Department of Internal Medicine, Yale School of Medicine, New Haven, CT 06510, USA; Department of Endocrinology, The First Affiliated Hospital of Zhejiang University, School of Medicine, Hangzhou, Zhejiang 310003, China.
Department of Internal Medicine, Yale School of Medicine, New Haven, CT 06510, USA.
Cell Rep. 2024 Oct 22;43(10):114746. doi: 10.1016/j.celrep.2024.114746. Epub 2024 Sep 19.
Inhibition of the ceramide synthetic pathway with myriocin or an antisense oligonucleotide (ASO) targeting dihydroceramide desaturase (DES1) both improved hepatic insulin sensitivity in rats fed either a saturated or unsaturated fat diet and was associated with reductions in both hepatic ceramide and plasma membrane (PM)-sn-1,2-diacylglycerol (DAG) content. The insulin sensitizing effects of myriocin and Des1 ASO were abrogated by acute treatment with an ASO against DGAT2, which increased hepatic PM-sn-1,2-DAG but not hepatic C16 ceramide content. Increased PM-sn-1,2-DAG content was associated with protein kinase C (PKC)ε activation, increased insulin receptor (INSR) phosphorylation leading to reduced insulin-stimulated INSR/Akt phosphorylation, and impaired insulin-mediated suppression of endogenous glucose production. These results demonstrate that inhibition of de novo ceramide synthesis by either myriocin treatment or DES1 knockdown protects against lipid-induced hepatic insulin resistance through a C16 ceramide-independent mechanism and that they mediate their effects to protect from lipid-induced hepatic insulin resistance via the PM-sn-1,2-DAG-PKCε-INSR phosphorylation pathway.

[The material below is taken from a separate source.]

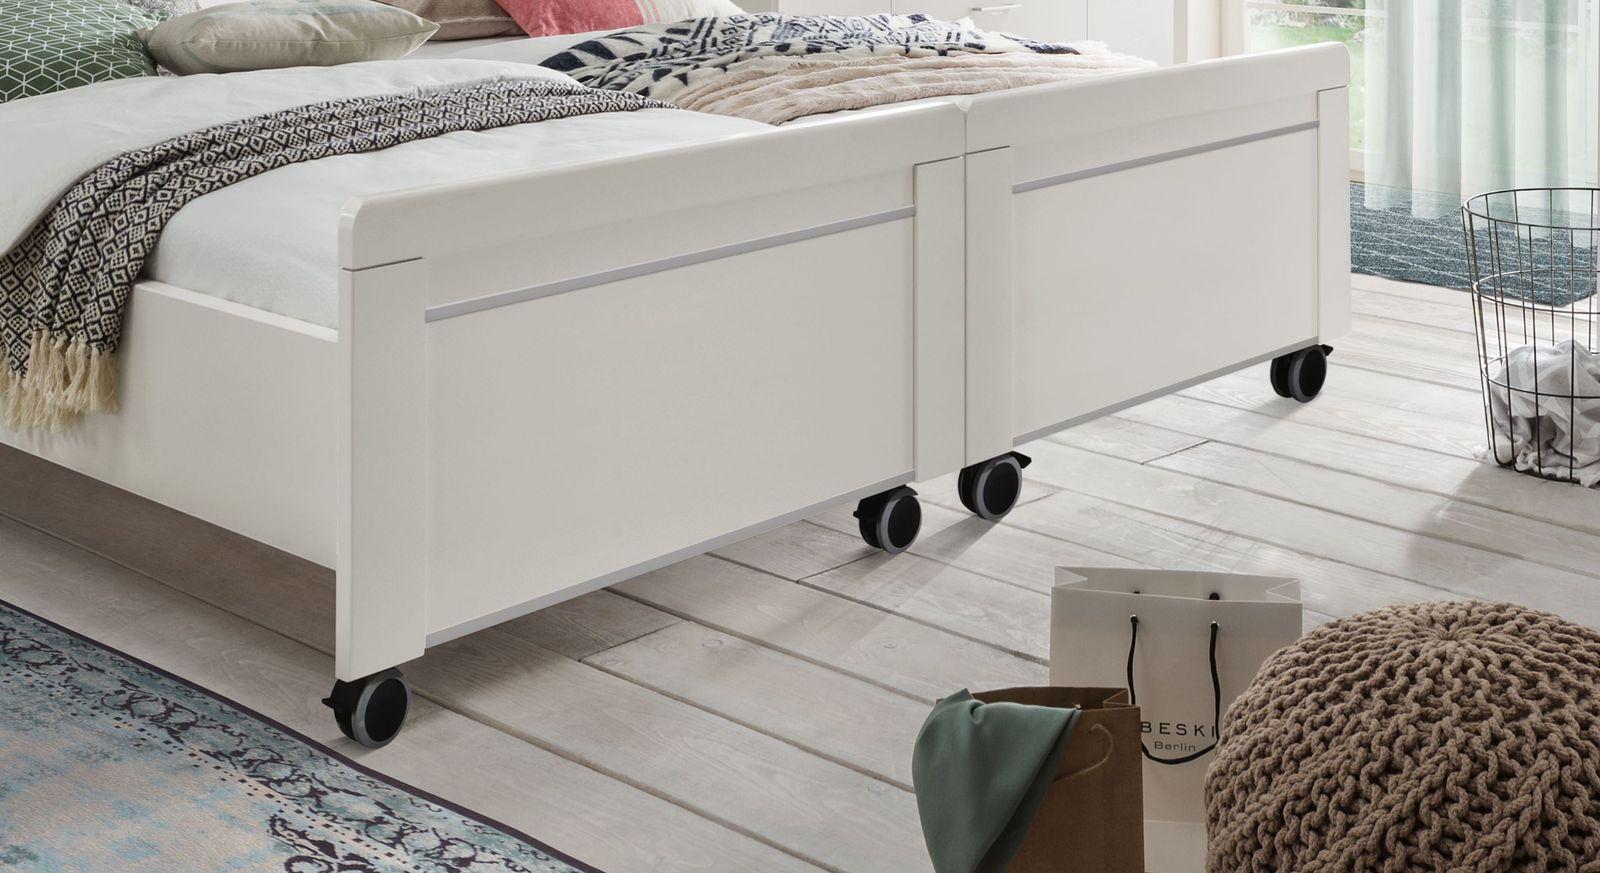 Senioren-Doppelbett Calimera mit modernen Zierleisten

用米酵菌酸或针对二氢神经酰胺去饱和酶 (DES1) 的反义寡核苷酸 (ASO) 抑制神经酰胺合成途径,均可改善饱和或不饱和脂肪饮食喂养的大鼠的肝胰岛素敏感性,并与肝神经酰胺和质膜 (PM)-sn-1,2-二酰基甘油 (DAG) 含量降低有关。米酵菌酸和 Des1 ASO 的胰岛素增敏作用被针对 DGAT2 的 ASO 的急性处理所阻断,后者增加了肝 PM-sn-1,2-DAG,但不增加肝 C16 神经酰胺含量。PM-sn-1,2-DAG 含量的增加与蛋白激酶 C (PKC)ε 激活、胰岛素受体 (INSR) 磷酸化增加有关,导致胰岛素刺激的 INSR/Akt 磷酸化减少,以及胰岛素介导的内源性葡萄糖产生抑制受损。这些结果表明,通过米酵菌酸处理或 DES1 敲低抑制从头合成神经酰胺可通过 C16 神经酰胺非依赖性机制防止脂质诱导的肝胰岛素抵抗,并且它们通过 PM-sn-1,2-DAG-PKCε-INSR 磷酸化途径发挥作用以防止脂质诱导的肝胰岛素抵抗。